You're not _hippies_ are you?!


----------



## The Lone Runner (Nov 24, 2005)

ddraig said:
			
		

> you shall know them by the trail of dribble
> or u could post a pic and let em find you!



I'll keep my eye out for y'all...
DJBS
Fizzer
On_the_Fly
KRS
JTG
Kalidarkone
SunSpots
(will try and find you all...here


----------



## kalidarkone (Nov 24, 2005)

The Lone Runner said:
			
		

> I'll keep my eye out for y'all...
> DJBS
> Fizzer
> On_the_Fly
> ...




Hmmmmmm! Looking on the new index it seems that in my last pic I have turned into a fella with a bowler hat- (quite a nice lookin fella too!) <feels to see if she now has testicles>


----------



## red3k (Nov 25, 2005)

Remember me?

I'm coming - yay! I'm looking forward to catching up with people.

Guess who has a hangover in work today?


----------



## on_the_fly (Nov 25, 2005)

red3k said:
			
		

> Remember me?
> 
> I'm coming - yay! I'm looking forward to catching up with people.
> 
> Guess who has a hangover in work today?





 too much drinkies ?


----------



## Sunspots (Nov 25, 2005)

kalidarkone said:
			
		

> Hmmmmmm! Looking on the new index it seems that in my last pic I have turned into a fella with a bowler hat- (quite a nice lookin fella too!) <feels to see if she now has testicles>



That's nothin'!  Look what that cheeky fucker did to me:




			
				bristle-krs said:
			
		

> *Sunspots*
> 
> http://www.imagestation.com/picture/sraid73/p6f589ce6b6e4b1a5c8e9989f40b31b4a/fb71d738.jpg


----------



## fat hamster (Nov 25, 2005)




----------



## djbombscare (Nov 25, 2005)

The Lone Runner said:
			
		

> I'll keep my eye out for y'all...
> DJBS
> Fizzer
> On_the_Fly
> ...



Im not on KRS's definitve list of urbs sooooooo look for a 6ft 3 skinhead bouncing around next to the speakers probably in a T-shirt with either ©UNT on it or if its clean I'll wear me t-shirt with "GOD?" on the front and "DJ Bombscare" on the back just to be helpful like.


Oh and I'll be in the nosebleed techno room   


Probably all night long


Sweating


----------



## on_the_fly (Nov 25, 2005)

Ill be the one teaching Fizzer to dance to techno !


----------



## on_the_fly (Nov 25, 2005)

i will have to pass now bank just TAKEN MY CARD !!


----------



## kalidarkone (Nov 25, 2005)

I will be loooking like one of them not sure about the hair yet......Do come and say hello Lone runner, I wont be in the nose bleed techno room all night long....

I 'l be in room 3 and 4 mostly probably with a very loud bolshy dutchman


----------



## kalidarkone (Nov 25, 2005)

http://img.photobucket.com/albums/v628/ihatebadgers/65713628308_0_ALB.jpg

Who is this?

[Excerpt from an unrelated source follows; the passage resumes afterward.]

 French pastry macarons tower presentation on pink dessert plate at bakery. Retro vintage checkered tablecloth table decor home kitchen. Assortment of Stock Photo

And why is he under my name? KRS!!! I DEMAND TO KNOW


----------



## on_the_fly (Nov 25, 2005)

kalidarkone said:
			
		

> http://img.photobucket.com/albums/v628/ihatebadgers/65713628308_0_ALB.jpg
> 
> Who is this? And why is he under my name? KRS!!! I DEMAND TO KNOW



Well as I am now not going u dont need to there at all


----------



## kalidarkone (Nov 25, 2005)

on_the_fly said:
			
		

> Well as I am now not going u dont need to there at all




whatdoyamean?   Why not?


----------



## on_the_fly (Nov 25, 2005)

ATM stole my card @ lunch time so nothing til monday (payday for me)


----------



## fizzerbird (Nov 25, 2005)

on_the_fly said:
			
		

> ATM stole my card @ lunch time so nothing til monday (payday for me)



fek sake!!!!

You're juts trying to get out of my long promised dance lessons innit!!!!   

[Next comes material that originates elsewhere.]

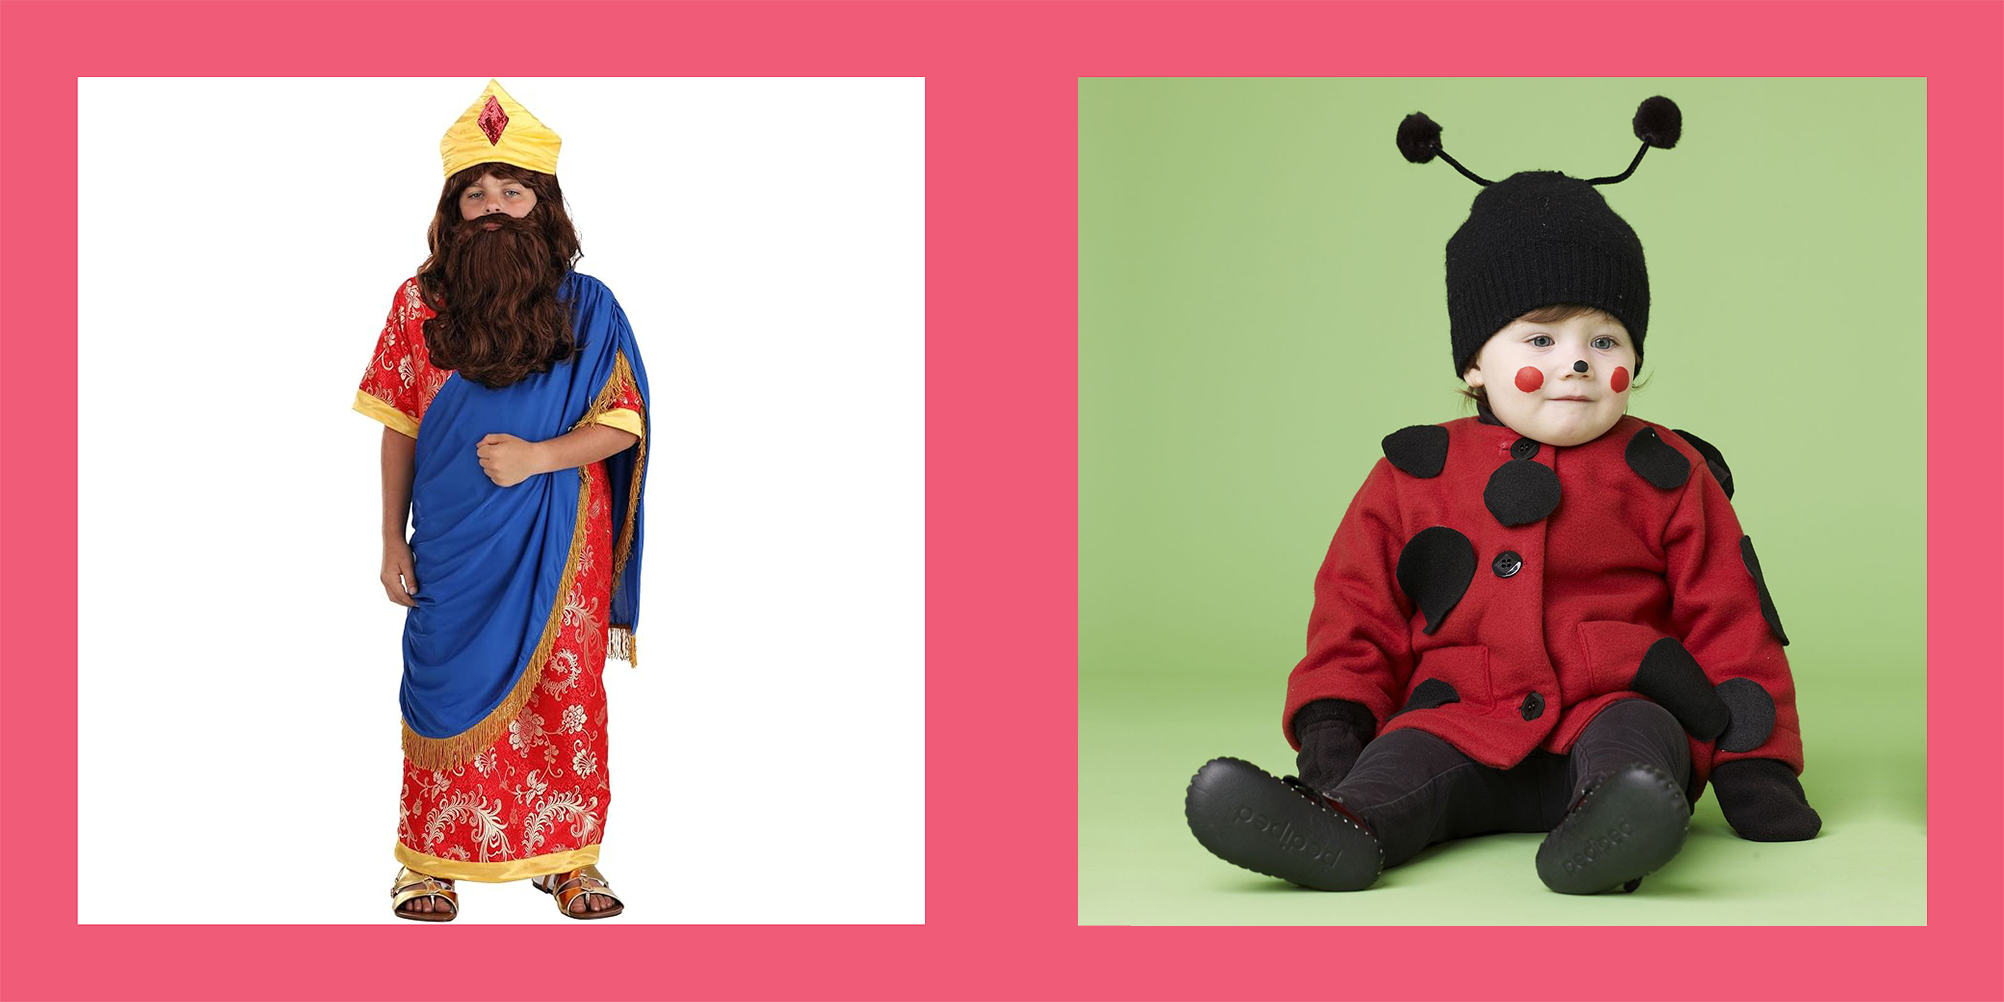 Purim Costumes for Kids That You Can Buy or DIY

Borrow £3 from someone...i'll stand you a bevvy or two!

You CANT miss this!!!!!!


I shall be mostly in ALL the rooms mentioned at some point...espesh the Dico room   

WARNING!!!!

I plan to get very VERY very 'fizzaaaaaaaaaaaaaaaaaaaaaaaaaayyyyyyyyy!'

I so neeeeeeeeeeeeeeeeeeeeeeeed this!


----------



## kalidarkone (Nov 25, 2005)

on_the_fly said:
			
		

> ATM stole my card @ lunch time so nothing til monday (payday for me)

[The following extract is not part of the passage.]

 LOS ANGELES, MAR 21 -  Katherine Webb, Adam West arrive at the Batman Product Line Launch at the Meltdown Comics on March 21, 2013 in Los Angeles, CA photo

Shit what a bummer I'll lend you £3 to get in if you can sort yourself out for any errrrm things you may need


----------



## fizzerbird (Nov 25, 2005)

kalidarkone said:
			
		

> Shit what a bummer I'll lend you £3 to get in if you can sort yourself out for any errrrm things you may need



Things like...toilet roll and deodrant you mean eh kali


----------



## kalidarkone (Nov 25, 2005)

fizzerbird said:
			
		

> Things like...toilet roll and deodrant you mean eh kali




yeah of course fizzer!!!and lip balm


----------



## on_the_fly (Nov 25, 2005)

awww ty i have supplies from erm last month so its just entry. I can walk there from Kingswood its not that far.


I dont back out of danceeee lessssons with ya fizbombs


Kalidarkmatter - you just wait ill make u like techno....if i have to die trying !



Ill have to owe ya a drink out next time like 

<begs>

oh and while we on any subject what so ever, more bum pinching please Kali, actually made me feel attractive when u did that in tescos


----------



## fizzerbird (Nov 25, 2005)

on_the_fly said:
			
		

> oh and while we on any subject what so ever, more bum pinching please Kali, actually made me feel attractive when u did that in tescos [/SIZE]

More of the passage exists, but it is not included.